A Nice Guy or a Great Guy? The 10% Difference

by Eric Disco
Jul 1

Being great with women can be confusing. Guys get a lot of mixed messages.

Don’t be the nice guy. Yet be warm and friendly with her.

Be genuinely interested in her and excited about what she’s saying. But don’t suck up to her.

Hold yourself strong and confidently. But don’t be guarded.

Be aggressive and make the moves. But don’t creep her out.

When I first got into this stuff it was exasperating. “Just tell me what to do!” I felt like yelling at people. Am I supposed to be nice or not nice?!

The answer, as usual, is not quite so simple. It requires an understanding of how we as human beings interact on a social level and how we as individuals function and deal with fear.

The “natural” leader amongst any group of people, the alpha male as it were, is also the coolest guy in the group.

He’s not the most aggressive and dominating necessarily. He is gregarious and friendly and leads the interactions with a friendly air.

He typically makes everyone else in the group feel good about themselves.

So what is the difference between the leader, the coolest guy in the group, who is pleasant with everyone, and the nice guy, who is also pleasant with everyone?

There is a 10% difference between the two. But that 10% is very important.

Paul Gilbert writes about the social hierarchy of school children and primates and points out the difference between the leader and other members of the group.

Several studies of social behavior in “natural” groups of pre school children have shown that the leader is not the most aggressive individual. Indeed, among primates as well as human children (Barner-Barry, 1977; Montagner, 1978; Strayer, 1978; 1981), it is typically the number 2 male in the dominance hierarchy that exhibits aggressive threat most frequently.

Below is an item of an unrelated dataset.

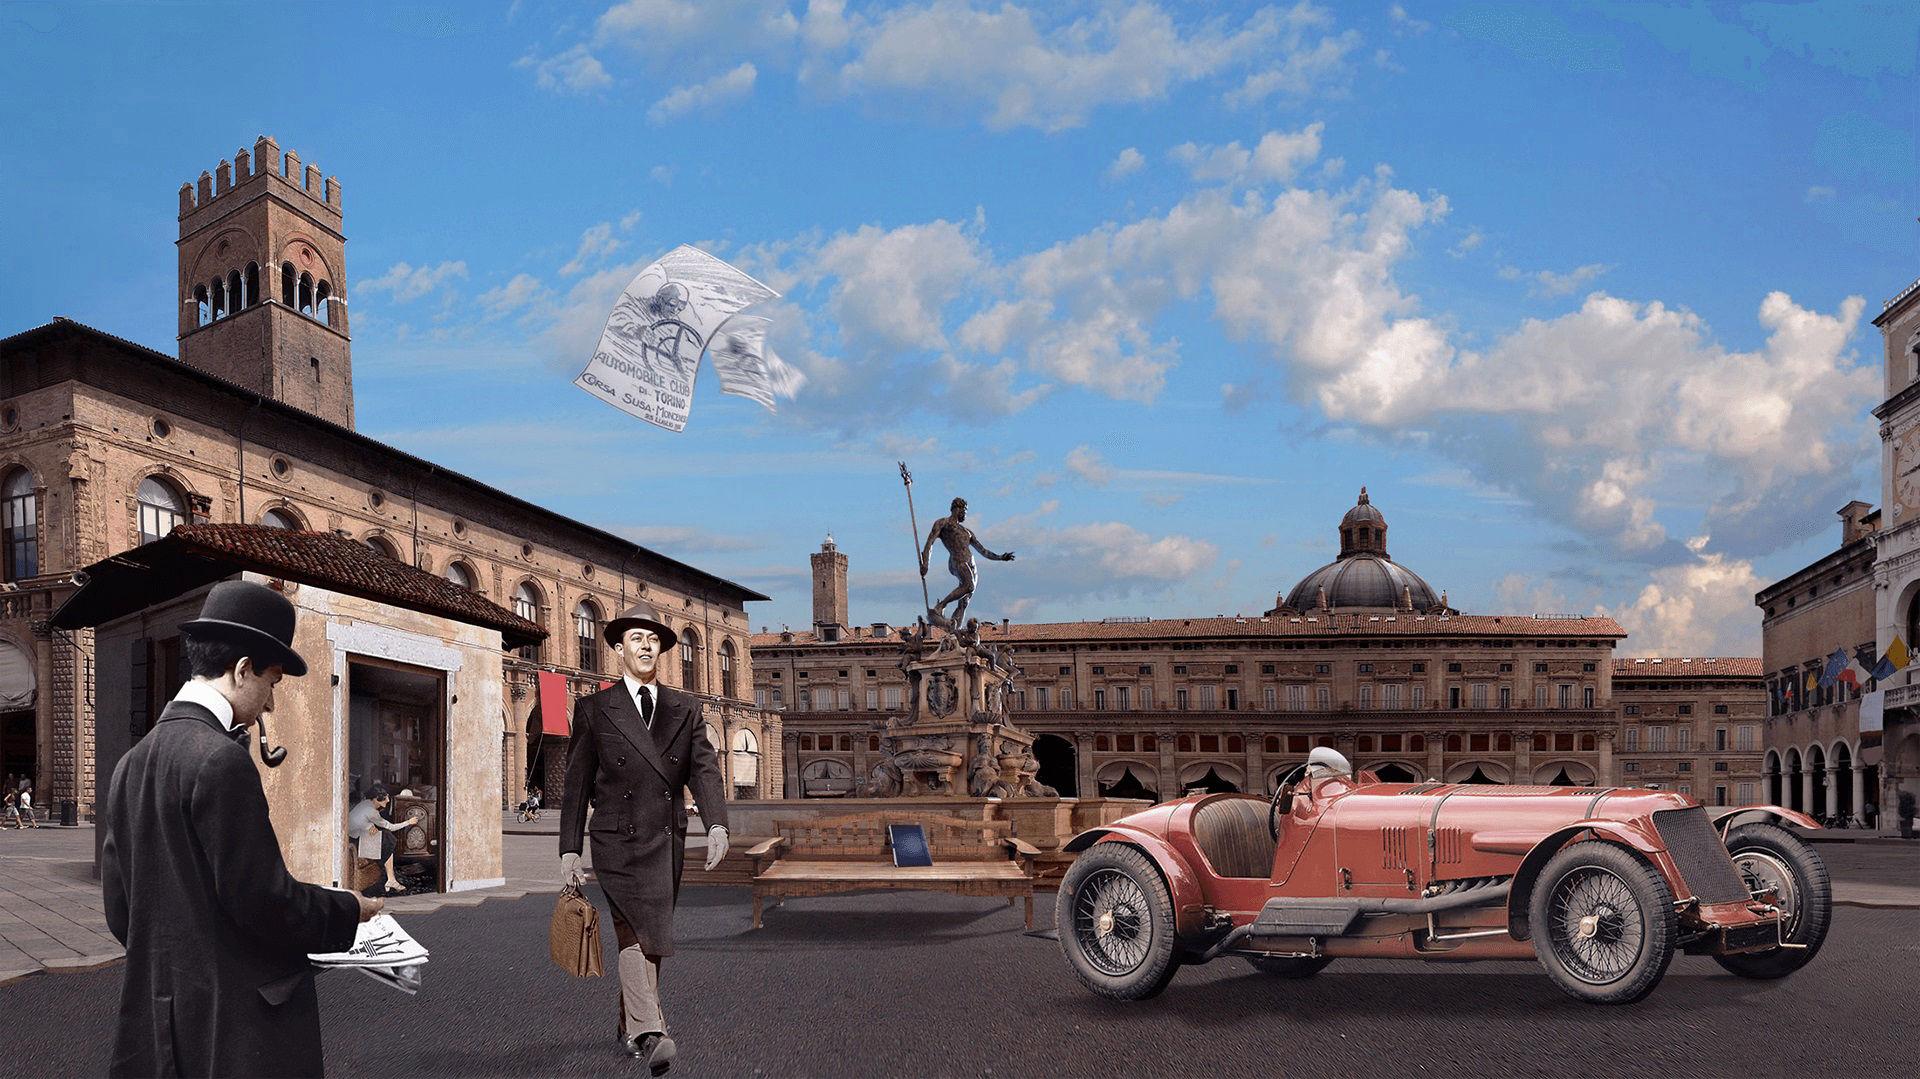 Storia di Maserati - 1920: prima auto Maserati Tipo 26 con logo del Tridente a Bologna

The leader, in contrast, tends to be more self-assured–for example, capable of appeasing conflicts between others in the group as well as serving as a focus of limitation or observation (Maclay & Knipe, 1972; Montagner et al., 1978).

As leaders may need to exhibit aggression on occasion, particularly when directly challenged, they are thus more frequently observed in appeasement or facilitating roles in human groups (and among some primates with comparable, face-to-face, social processes).

The leader, while being friendly, is capable of showing aggression and dominance when it is required.

Most of the time, he can be friendly and build up those around him in a positive way.

But it is known to all members of the group that he has the capability to make the move, to take control when the time comes.

A lot of my growth when it comes to being successful with women has been within that 10% difference.

When I am connecting with a woman, when she is telling me things about herself, most of the time I am warm and receptive.

But 10% of the time I don’t approve of what she is telling me.

This makes it clear to her that I am not just sucking up to her like most guys do. I am treating her like a human being.

I actually practiced, for a certain amount of time when talking to women, finding something to disagree with. It was usually somewhat negligible, but I would still assert that I wasn’t into it.

After a while I didn’t even need to do this as much–they would hear it in my voice. I sounded more genuine.

I was at one time afraid to sexually escalate with women. And they could sense it.

It’s great to tease women and make them wait. But if I am afraid to make that move in the first place she will sense it.

It needs to be clear between the two of us that I am willing and unafraid to make the move.

That is why I went out for a month and practiced escalating very fast with women, much faster than I was used to.

I pushed myself out of my comfort zone.  I escalated so hard that I lost a few interactions with women.

But I was becoming comfortable with making the move.

After going out for a month and escalating hard, I could pull back and be a bit smoother because there was no hesitation; I knew exactly when to escalate.

So what is the difference between the nice guy and the group leader who is also warm and friendly?

The nice guy, without that 10% aggression, is always nice. He cannot operate in any other mode.

He is afraid of conflict.

He cannot possibly tolerate the idea that maybe the woman does not view him as completely 100% acceptable.

So he is constantly checking in to see if she approves of him. This is known as being NEEDY.

He NEEDS to know if she approves of him, if everything is okay, if he hasn’t done something too aggressive that would generate disapproval.

The coolest guy in the group, by contrast, has the 10% aggressiveness, those cajones, to RISK people not approving of him.

He has experienced making the move and now knows exactly when assertiveness is needed.

For the most part he can be open, unguarded and relaxed. Yet he still oozes the confidence to do what needs to get done, when it needs to get done.

That’s the guy you want to be. You want to be the guy who’s taken action, who’s built his confidence.

When that 10% lies within you it makes all the difference in the world.